Быстрым движением, полным грации и нежности, она нагнулась к нему и прильнула губами к его губам. Предполагалось, что это будет один, короткий поцелуй, но он перешел во множество долгих. И когда она так чудесно, так щедро отдавала ему всю себя в этих поцелуях, он понял, что та Кэти, о которой он мечтал, которая жила в его воспоминаниях, слилась с настоящей живой Кэти в еще более прекрасной действительности.
Тони, взглянув на свои часы-браслет, увидел, что они показывают почти двенадцать.
— Я думаю, нам, пожалуй, пора идти завтракать, — сказал он с нарочитой небрежностью, но украдкой наблюдая за Кэти.
Испуганное, тоскливое, затравленное выражение появилось на ее лице, — выражение человека, который среди полного счастья помнит, что жизнь ущемлена грошовыми расчетами.
— Боюсь, что тебе придется идти одному, — сказала она нерешительно, и снова выражение грусти разлилось по ее лицу. — Я взяла завтрак с собой. Он лежит где-то тут на берегу.
— А, — протянул Тони, — будем надеяться, что его съели медведи. Но если даже и нет, я хочу просить тебя оказать мне честь. Пожертвуй на сегодня своим пикником и позавтракай со мной в отеле. Мы можем потом устраивать пикники хоть каждый день.
Я сказал в отеле, что сегодня день моего рождения и что ты по этому случаю будешь завтракать вместе со мной.
Он был глубоко тронут выражением удовольствия на ее лице от перспективы даже такого маленького празднества, и все же она не решалась принять его приглашение с присущим беднякам страхом перед навязчивостью и расходами.
— Право, я не могу. Я…
Он видел, что ей очень хочется пойти с ним, и ответил:
— Да ну, полно тебе, неужели ты откажешься быть моей гостьей в первый день нашей встречи?
И потом нельзя же разочаровывать Баббо — он сейчас совершает в твою честь всяческие немыслимые подвиги. А кроме того, это день моего рождения.
— О Тони, какой ты лгунишка! Я отлично знаю, что день твоего рождения в августе.
— Ну что же, — сказал Тони, страшно довольный, что она не забыла этого, — а твой в декабре. Раздели разницу пополам, и получится апрель. Это будет завтрак в честь нашего общего дня рождения. Идем.
Они пошли рощей земляничных деревьев к тому месту около тропинки, где перед их встречей сидела Кэти; они шли, держась за руки, как будто каждый боялся, что другого могут похитить; Тони нагнулся, чтобы снять колючки, приставшие к юбке Кэти, и заметил, что материя была старая и простенькая, хотя юбка сшита почти элегантно.

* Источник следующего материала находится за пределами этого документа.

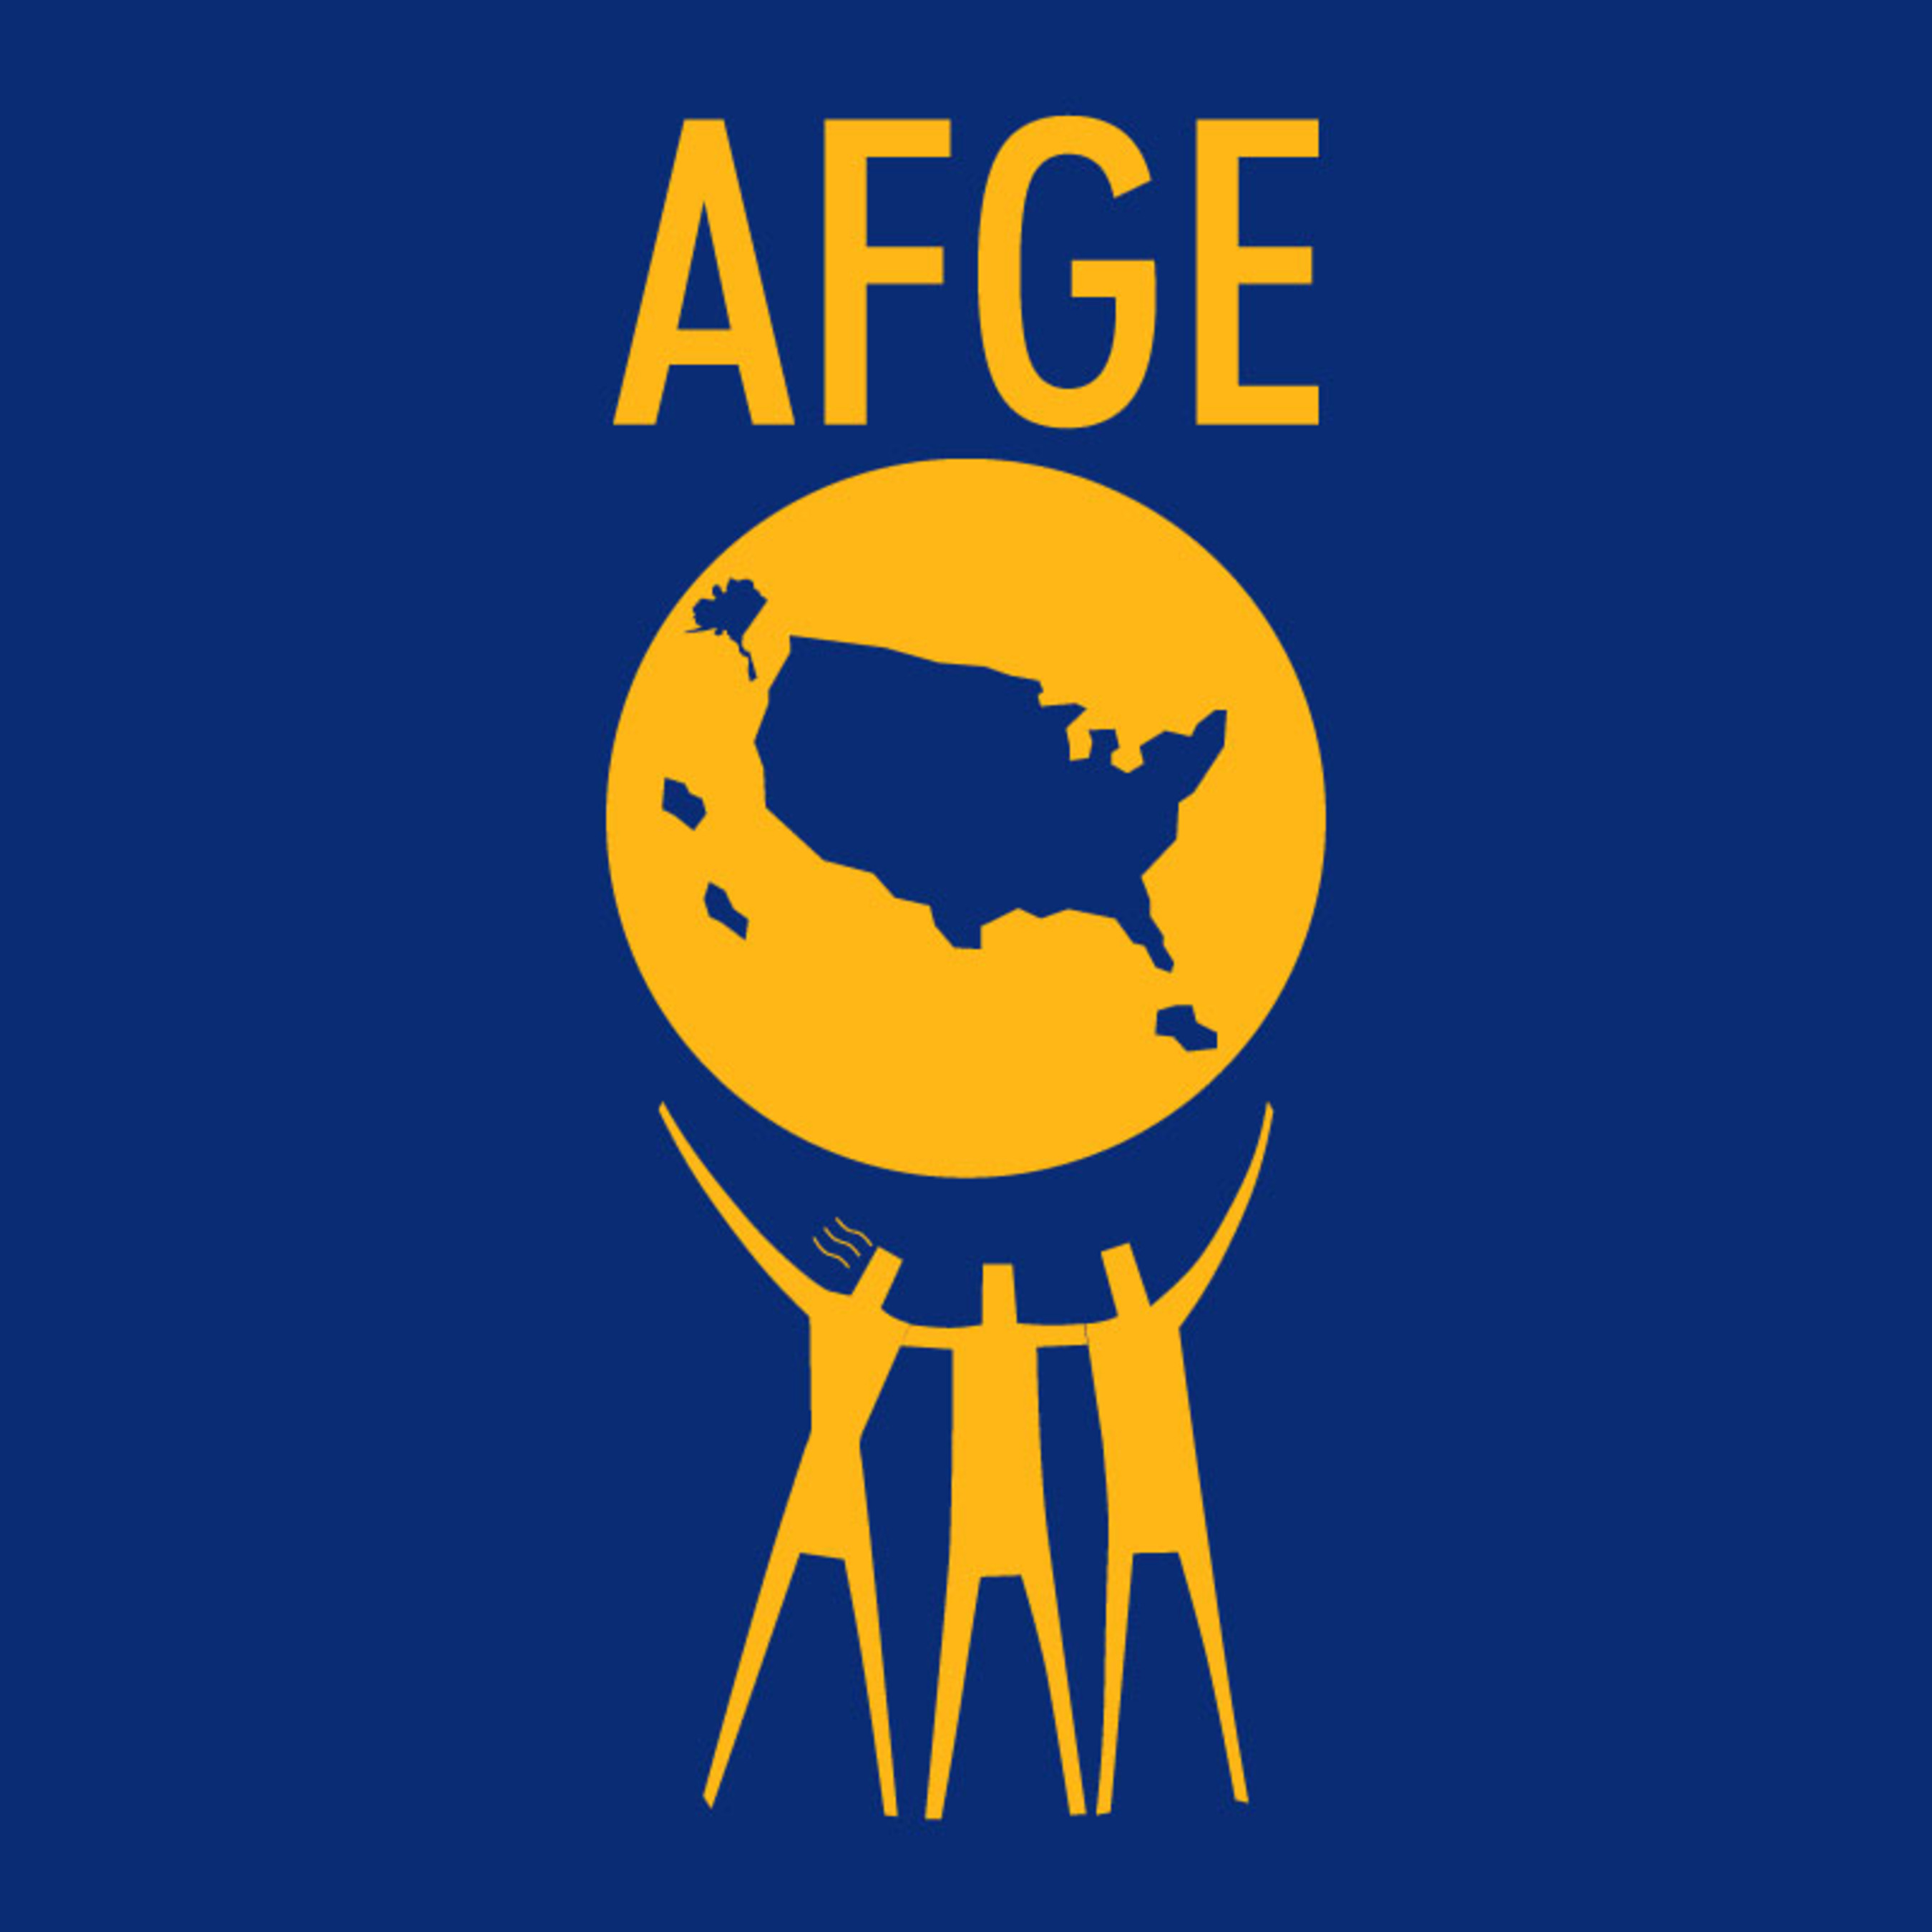 AFGE logo. (PRNewsFoto/American Federation of Government Employees) (PRNewsFoto/AMERICAN FEDERATION OF GOV...)

А в полотняном мешочке с ее завтраком оказалось только два апельсина и кусок хлеба. Тони отвернулся, стараясь подавить подступивший к горлу комок, и сорвал с земляничного дерева несколько прошлогодних красных ягод, до сих пор висевших на ветвях.

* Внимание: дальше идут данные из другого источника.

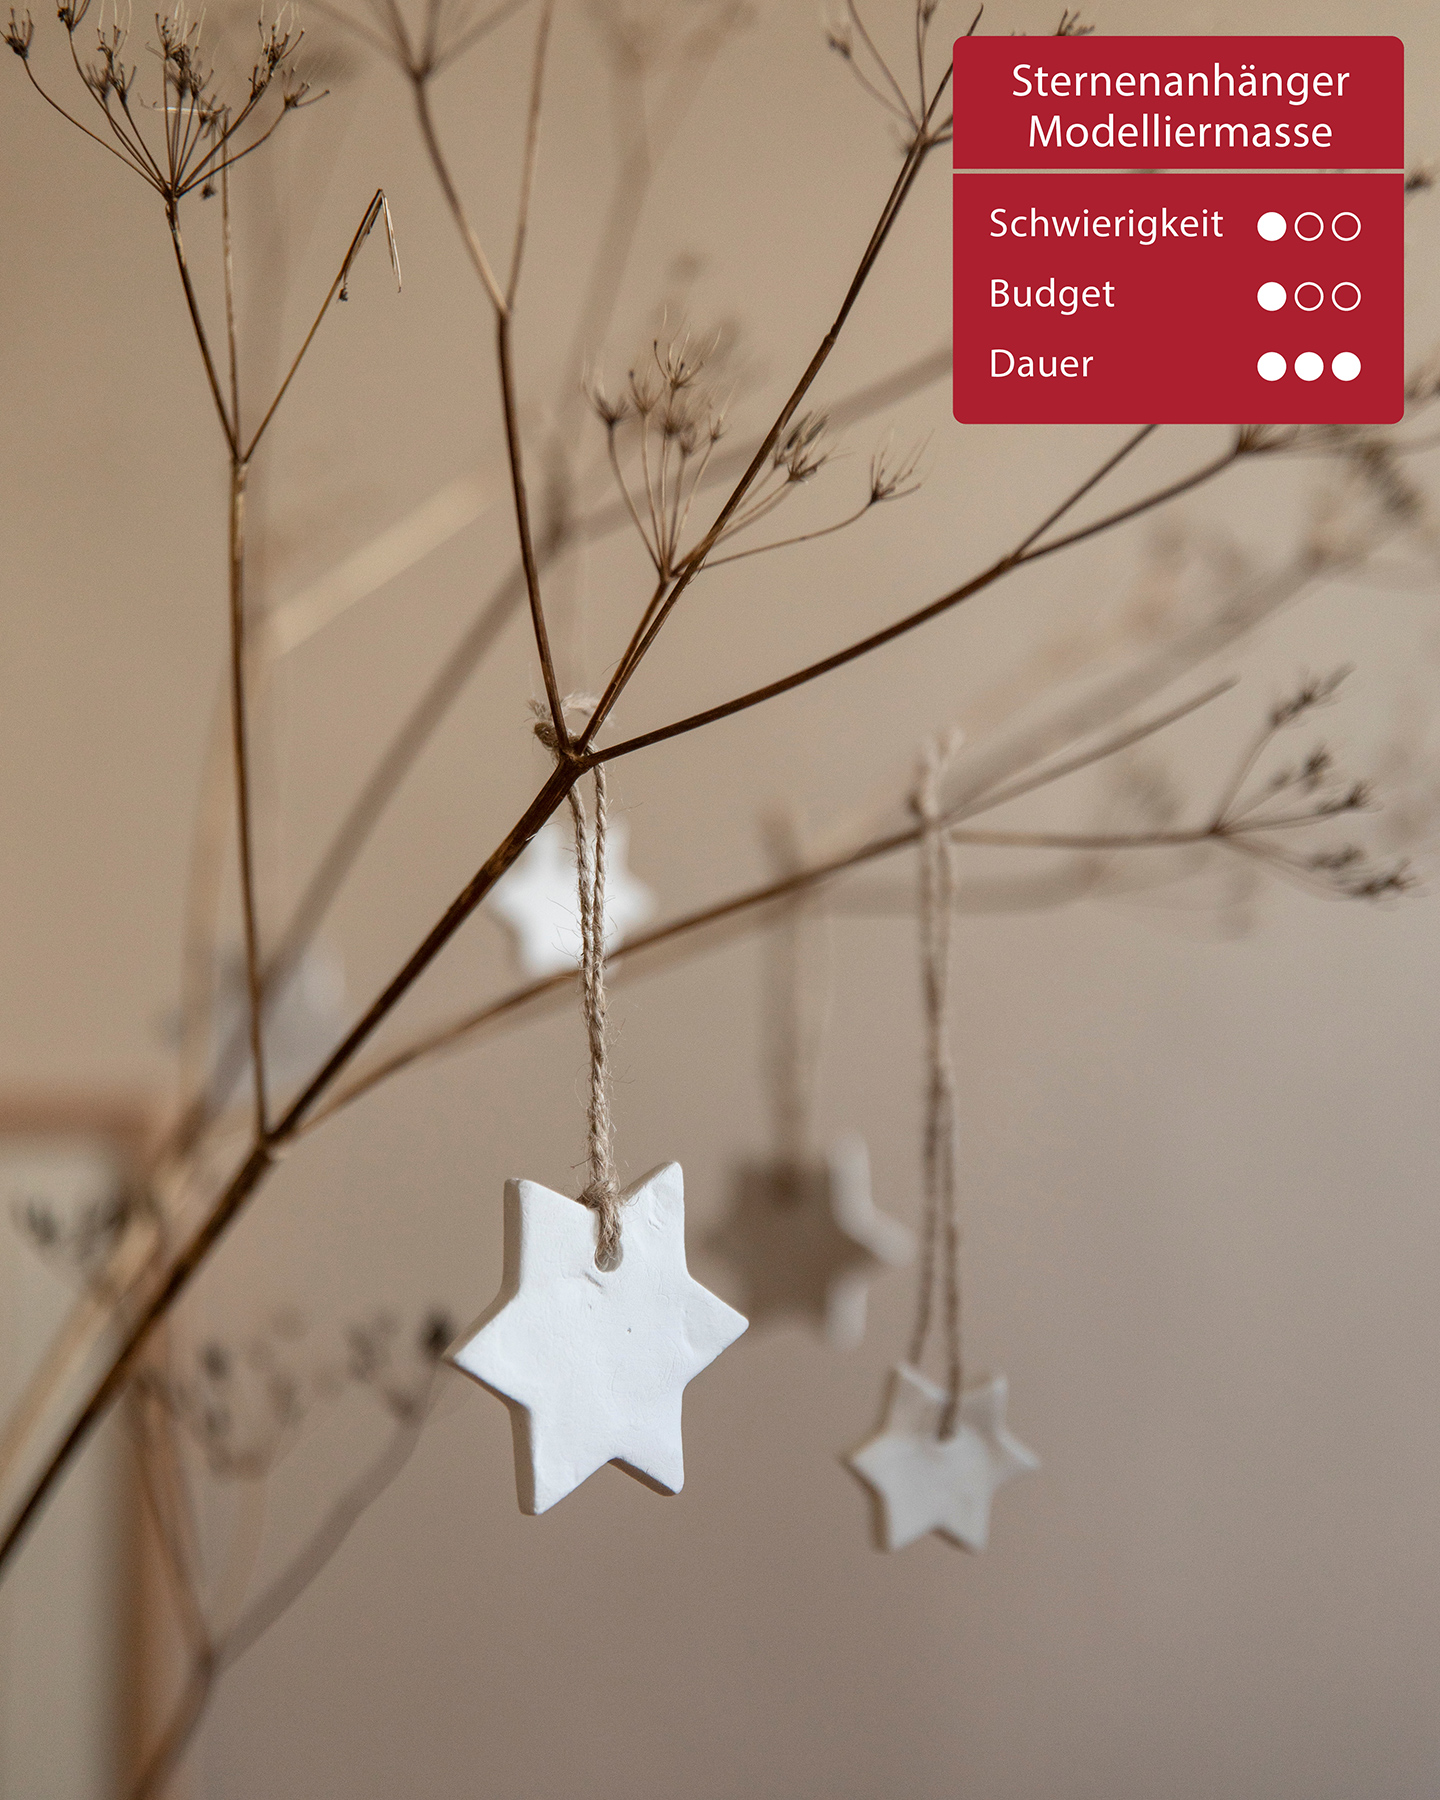 Stern aus Modelliermasse hängt als Weihnachtsbaumschmuck an einem Ast

— Смотри-ка, — сказал он, делая вид, что откашливается. — Какие красивые! Положи их в свой платочек и сохрани на память о нашей сегодняшней встрече.
— Он весь мокрый от слез, — сказала Кэти, глядя на скомканный маленький платочек.
— Возьми мой, — сказал Тони, вынимая чистый платок из верхнего кармана.
— Какой красивый платок и какой хороший материал у вас в Англии. Ты стал настоящим денди.
— Денди? Вот это мне нравится! Я покупал их у Уолворта всего по шести пенсов за штуку.
— Но они много лучше, чем у нас в Австрии.
— Бедная Австрия, — сказал Тони. — Раздавлена местью. Но ничего, дорогая, я знаю одну австриячку, которая больше не будет раздавлена. Пойдем-ка скорей, а то Баббо разгневается.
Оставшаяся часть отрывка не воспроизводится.